__Aim of the exercise__: The listing is to be transcribed in full, with its images left out.
*** Information provided ***
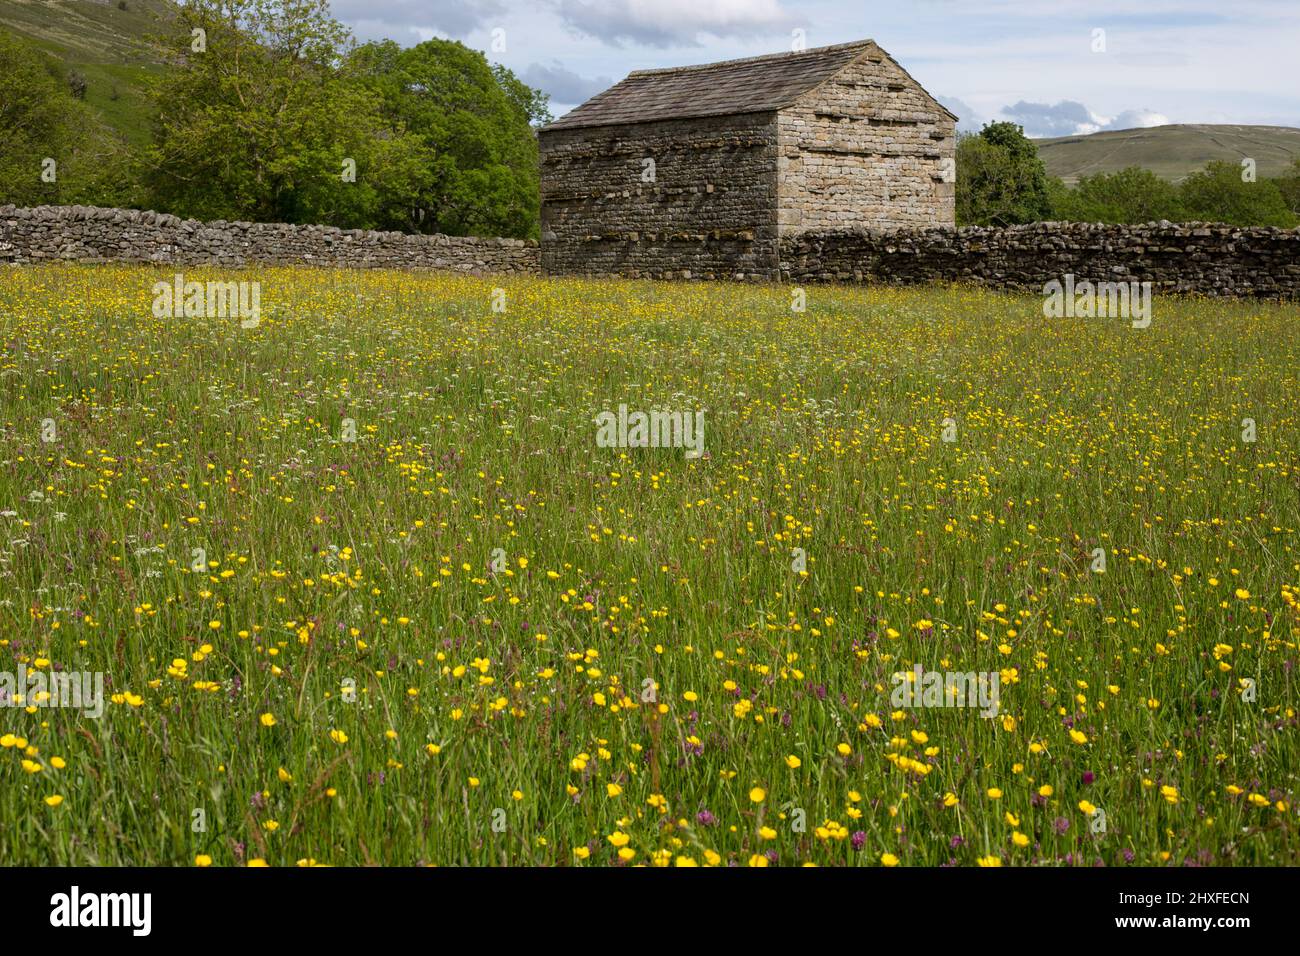 Traditional flower and hay meadows and field barn at Muker in the Yorkshire Dales National Park, Swaledale, North Yorkshire, England Stock Photo
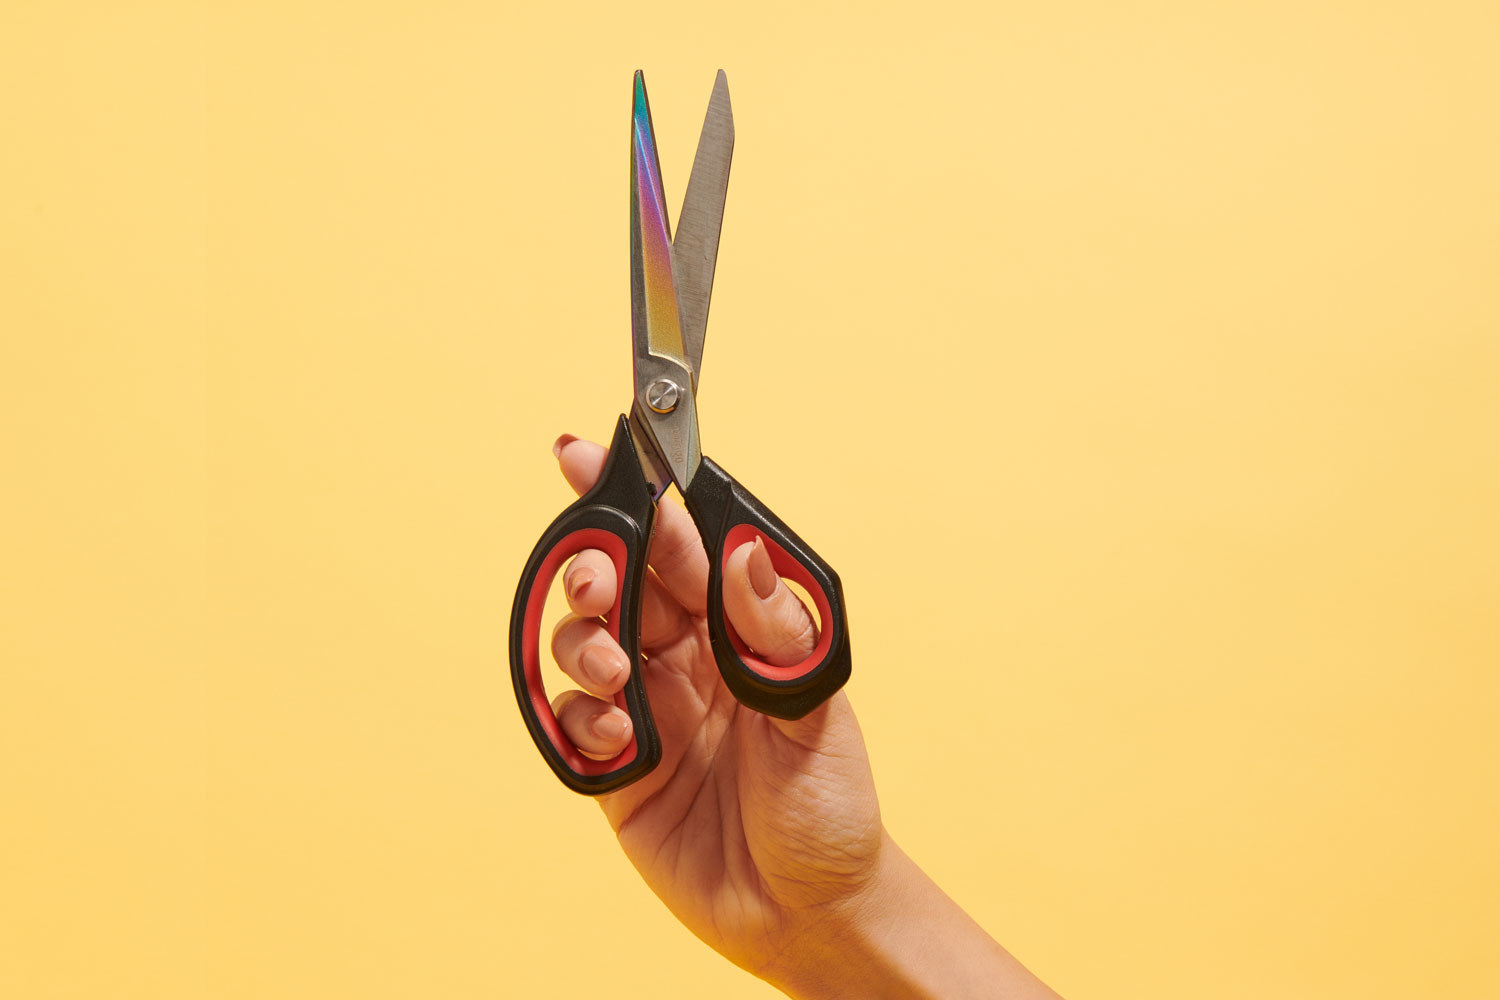 The Best Scissors For Any Budget
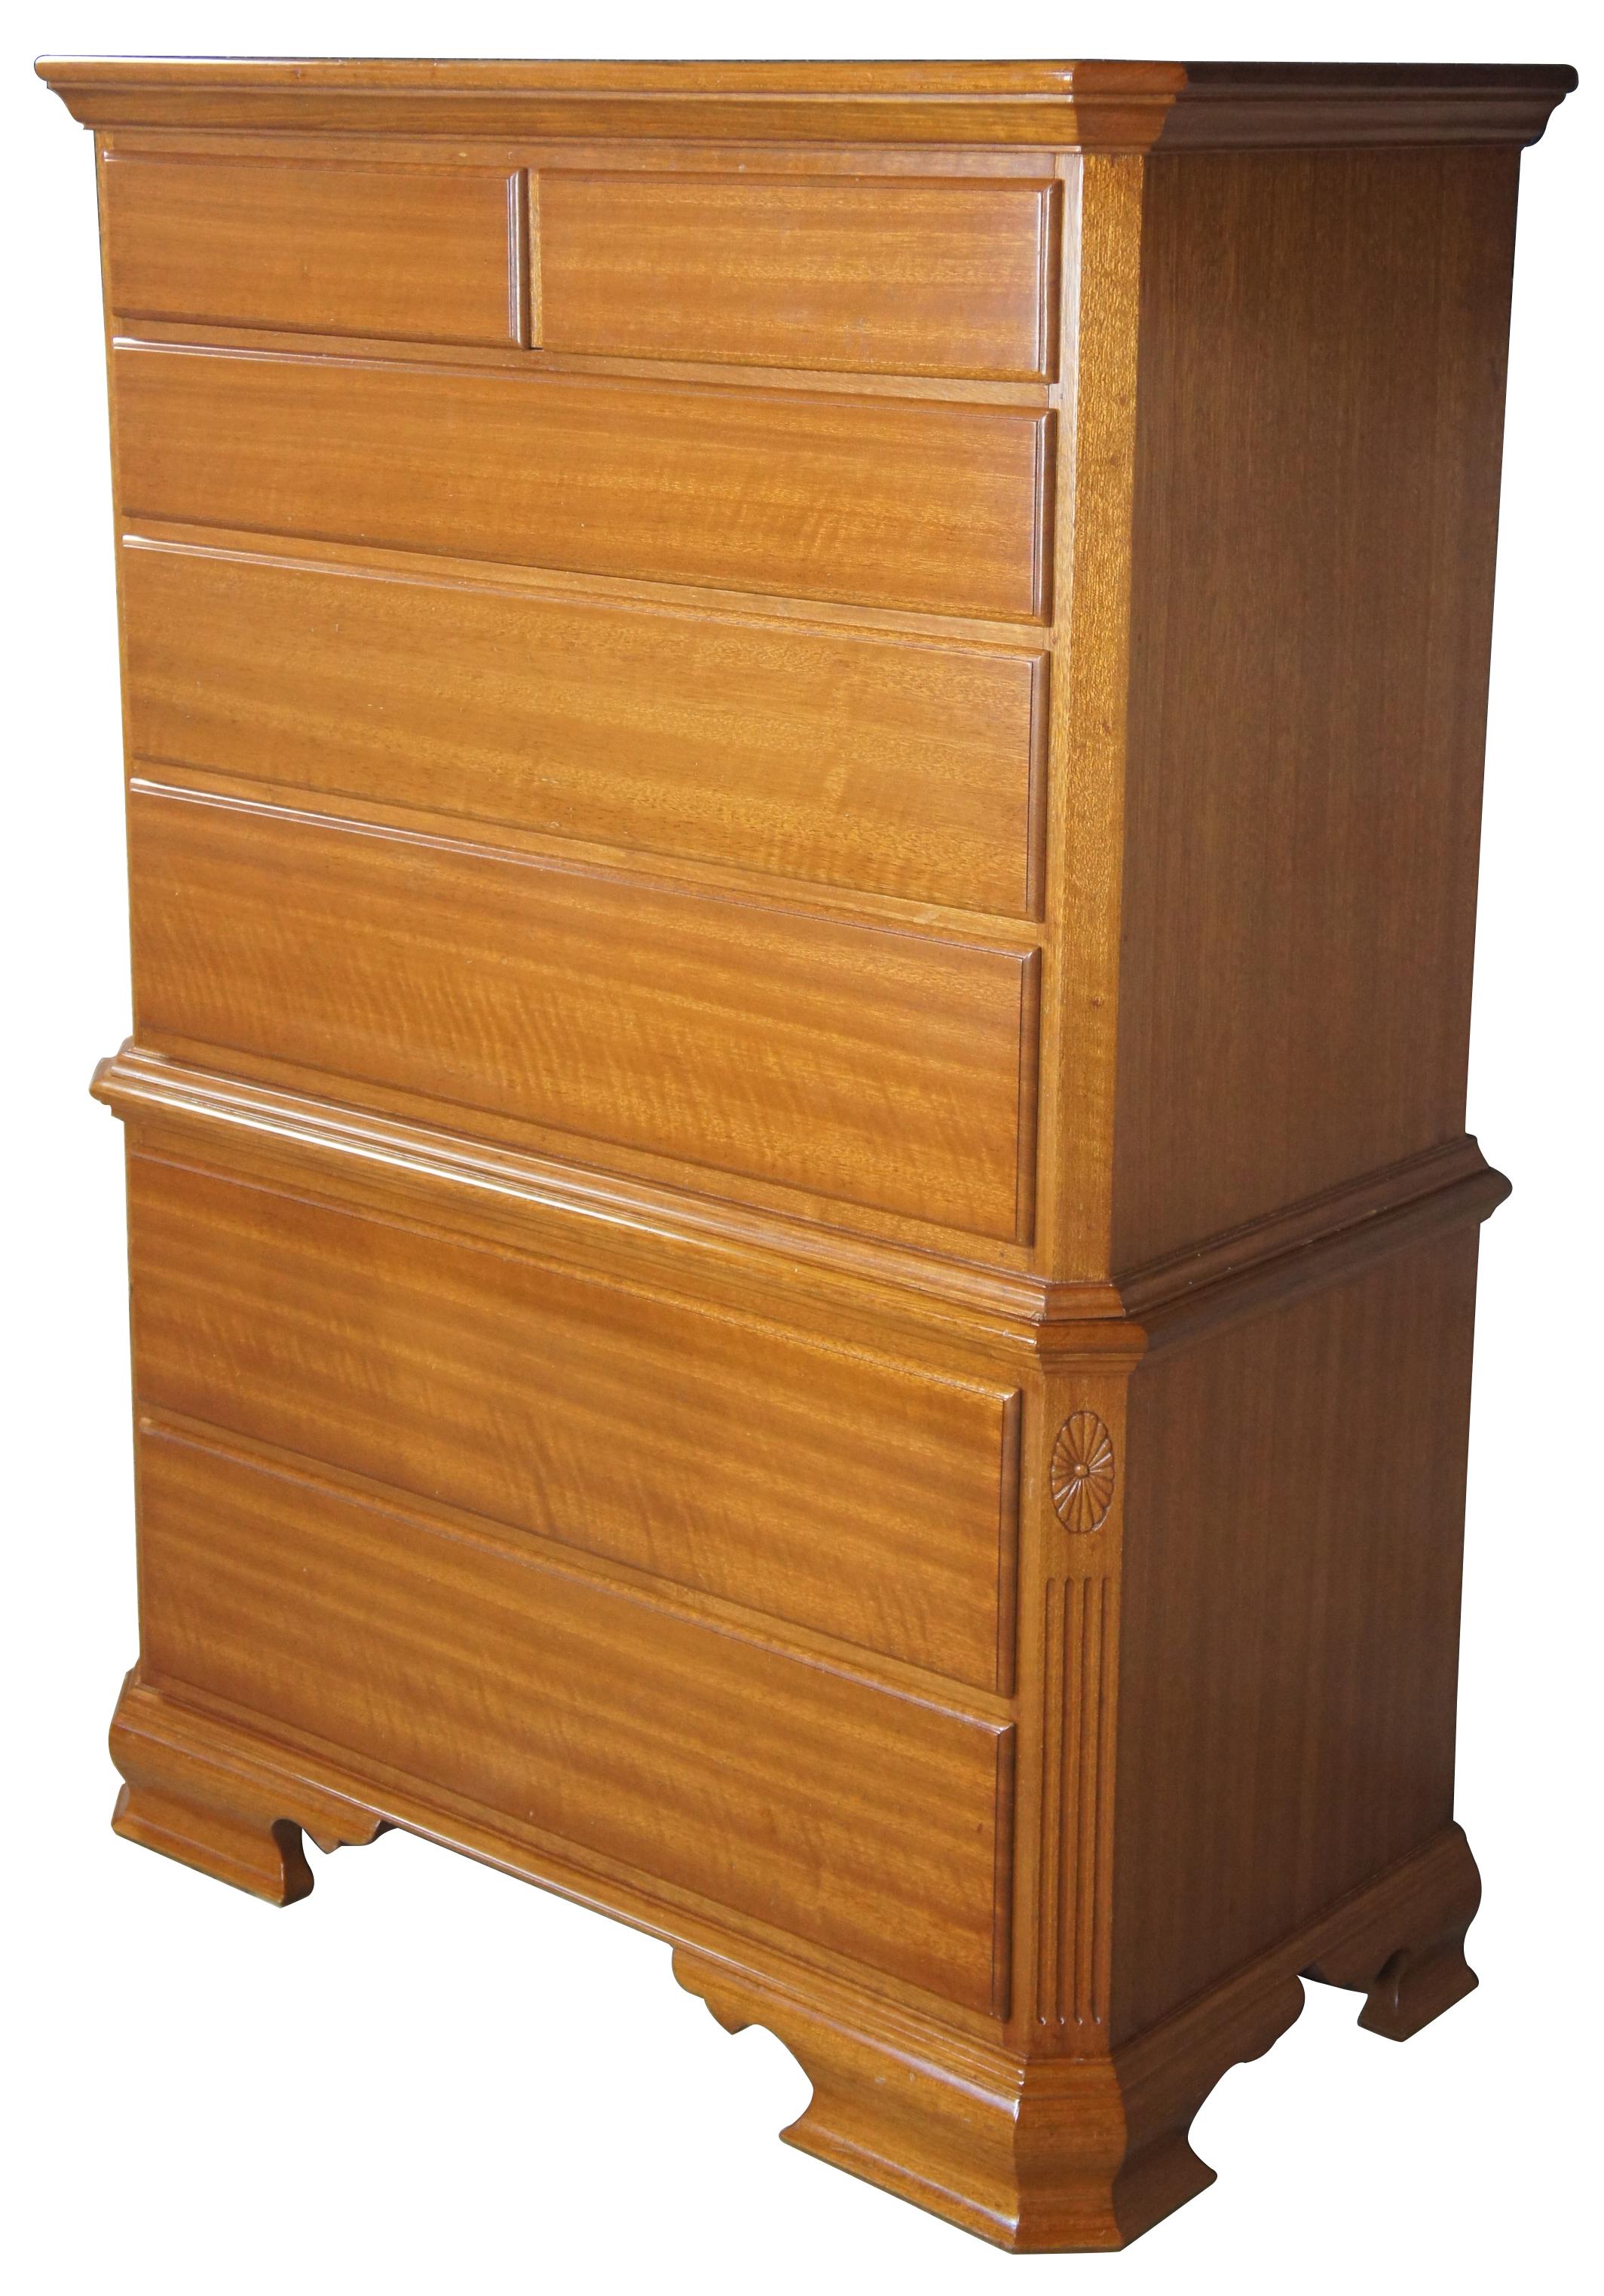 Georgian Early American Style Solid Mahogany Chest on Chest Highboy Dresser
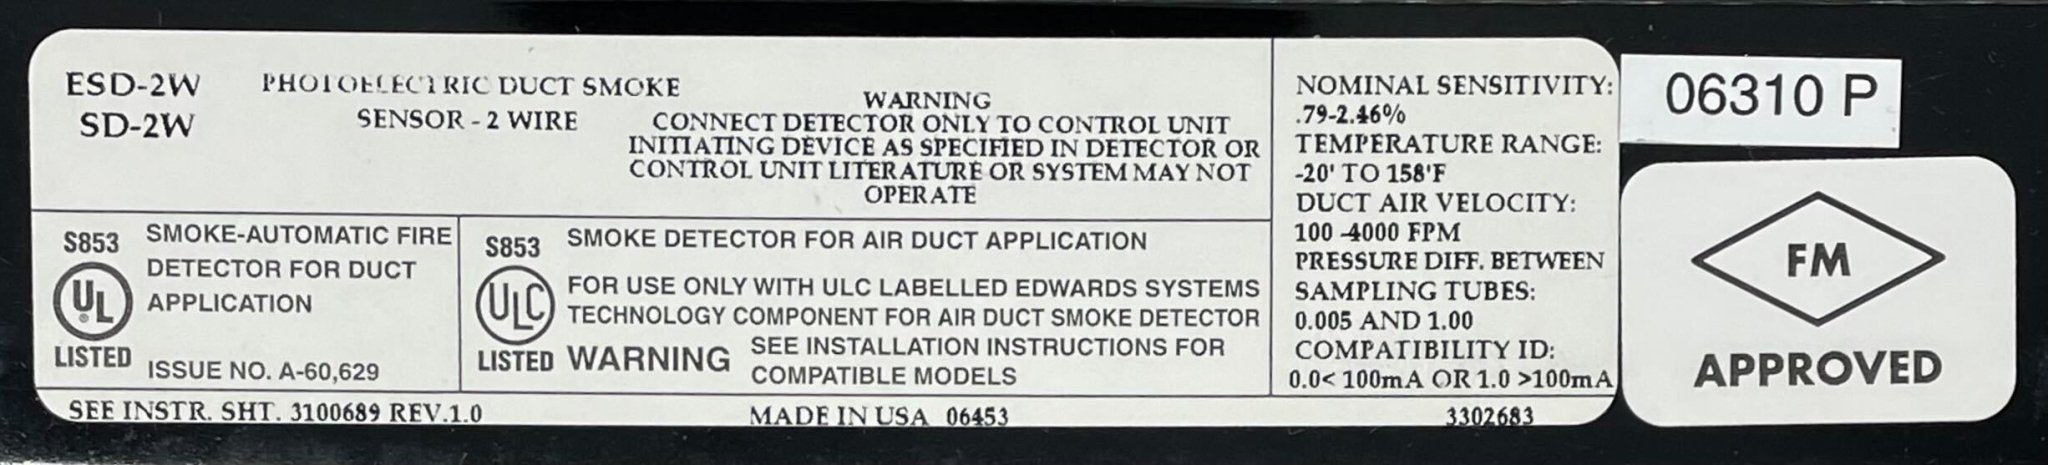 Edwards SD-2W - The Fire Alarm Supplier
*** End of Information provided ***
__Worked solution__:
 Traditional flower and hay meadows and field barn at Muker in the Yorkshire Dales National Park, Swaledale, North Yorkshire, England Stock Photo
 The Best Scissors For Any Budget
 Georgian Early American Style Solid Mahogany Chest on Chest Highboy Dresser
 Edwards SD-2W - The Fire Alarm Supplier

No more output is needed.